Ethan watched the fake gold ooze over the stone base, the Chaos dissipating, just as it had from the smashed porcelain two doors down. _'Well, that's that then. The Chaos has gone; the threat's averted...'_ His mental tone hardened. _'Well, apart from the rather important fact that our enemies were able to get into these houses to hide their weapons in the first place.'_

 _'We're definitely going to have to reassess our defences,'_ Rupert agreed. _'But our place should be safe enough for the rest of the night at least.'_

Ethan rubbed his eyes. _'Possibly. I'll have to check over every inch of it before I'll be able to relax. Do you think our scrying spurred them into action tonight?'_

Rupert nodded. _'It's too much of a coincidence otherwise.

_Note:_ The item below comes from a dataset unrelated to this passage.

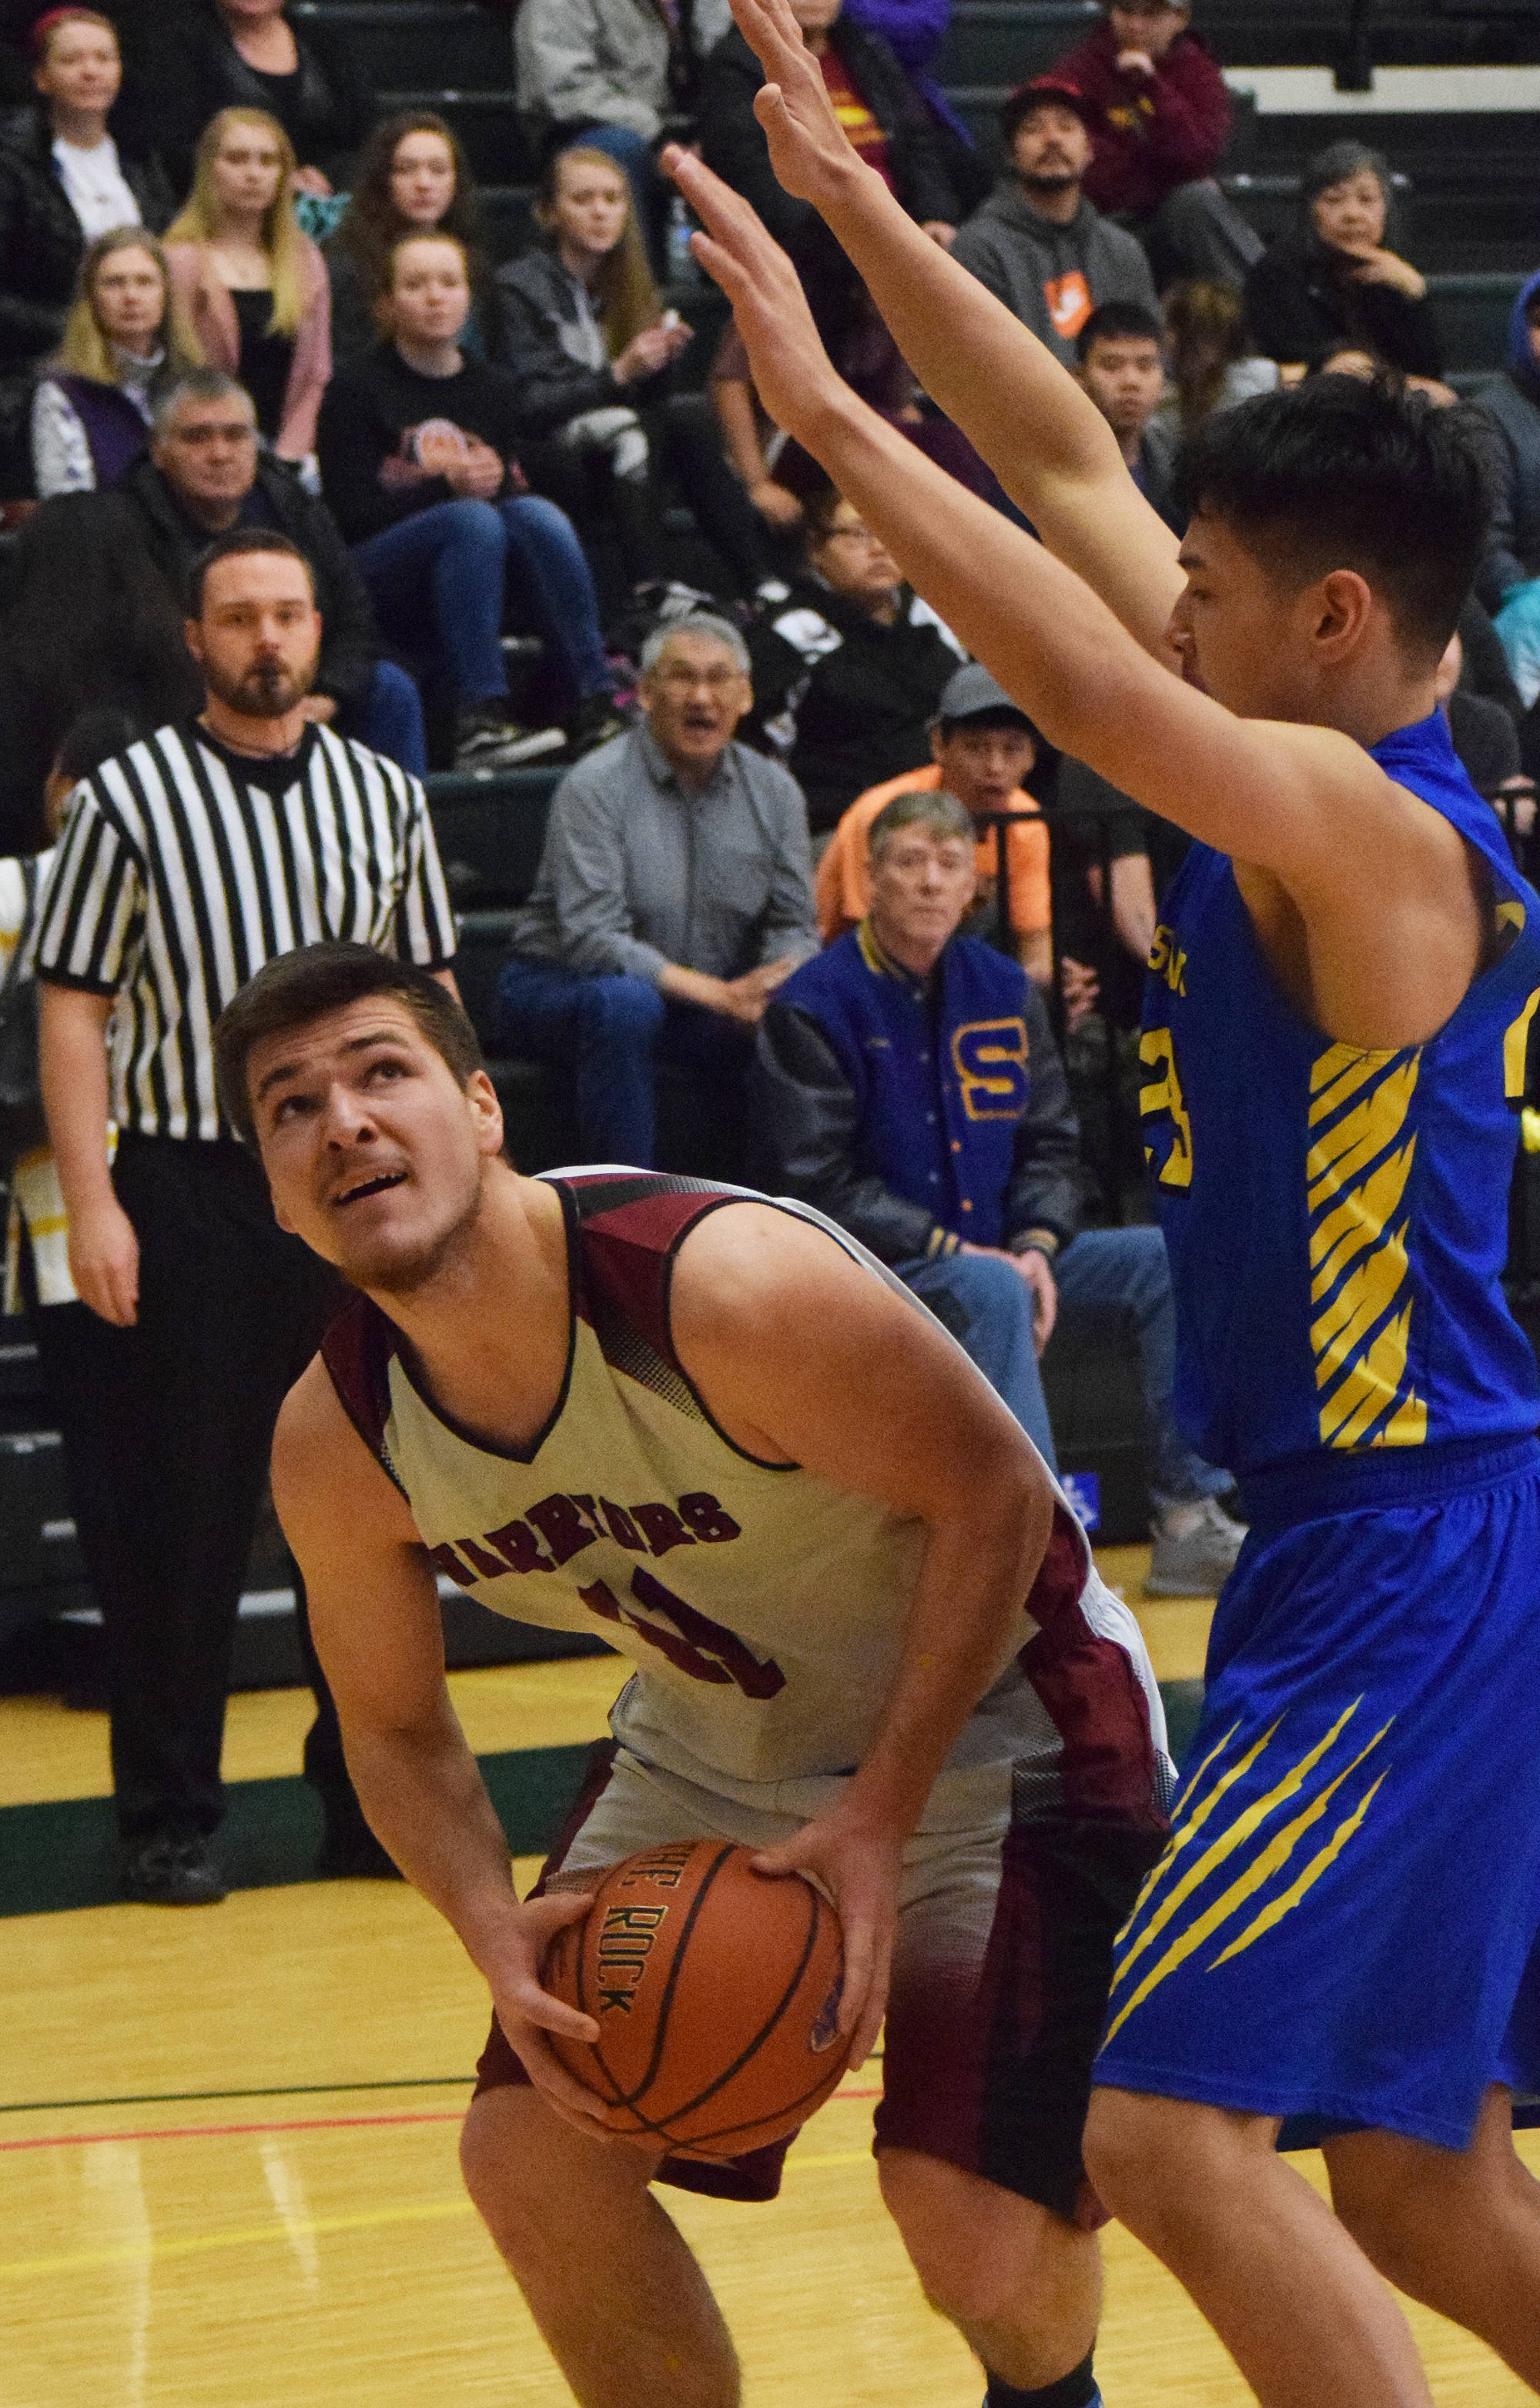 Nikolaevsk’s Michael Trail (left) attempts a shot under Savoonga’s Derek Seppilu Friday at the Class 1A state tournament at the Alaska Airlines Center in Anchorage. (Photo by Joey Klecka/Peninsula Clarion)

We got too close.'_

 _'Rupert, we can't stay here. We're too vulnerable and...'_ Ethan sighed aloud. _'And we're putting civilians at risk, and I know how you'd feel if innocents, even that twat, Barnet, got hurt in the crossfire.'_

 _'This isn't the place to discuss it,'_ Rupert told him, resting a hand on Ethan's shoulder. _'Let's get back home and then we can have a war council.'_

Ethan nodded unhappily. _'If you appease Barnet and get Megan and the hounds, I'll start making absolutely sure the house is clean.'_

Rupert leant in and gave him a quick if heartfelt kiss. _'They attacked, and we beat them off. Again. Just remember that.'_

Smiling albeit weakly, Ethan nodded again. He followed Rupert out of Barnet's house, ignoring the man and heading straight back to their own, only to then remember he'd shut the door firmly, and he was half naked. _'Um, dearheart...?'_

Rupert was talking seriously with Barnet, but he glanced over his shoulder at Ethan, then smiled faintly. Ethan felt the small surge of Rupert's magic as the door in front of him clicked open. He left it ajar and went cautiously inside.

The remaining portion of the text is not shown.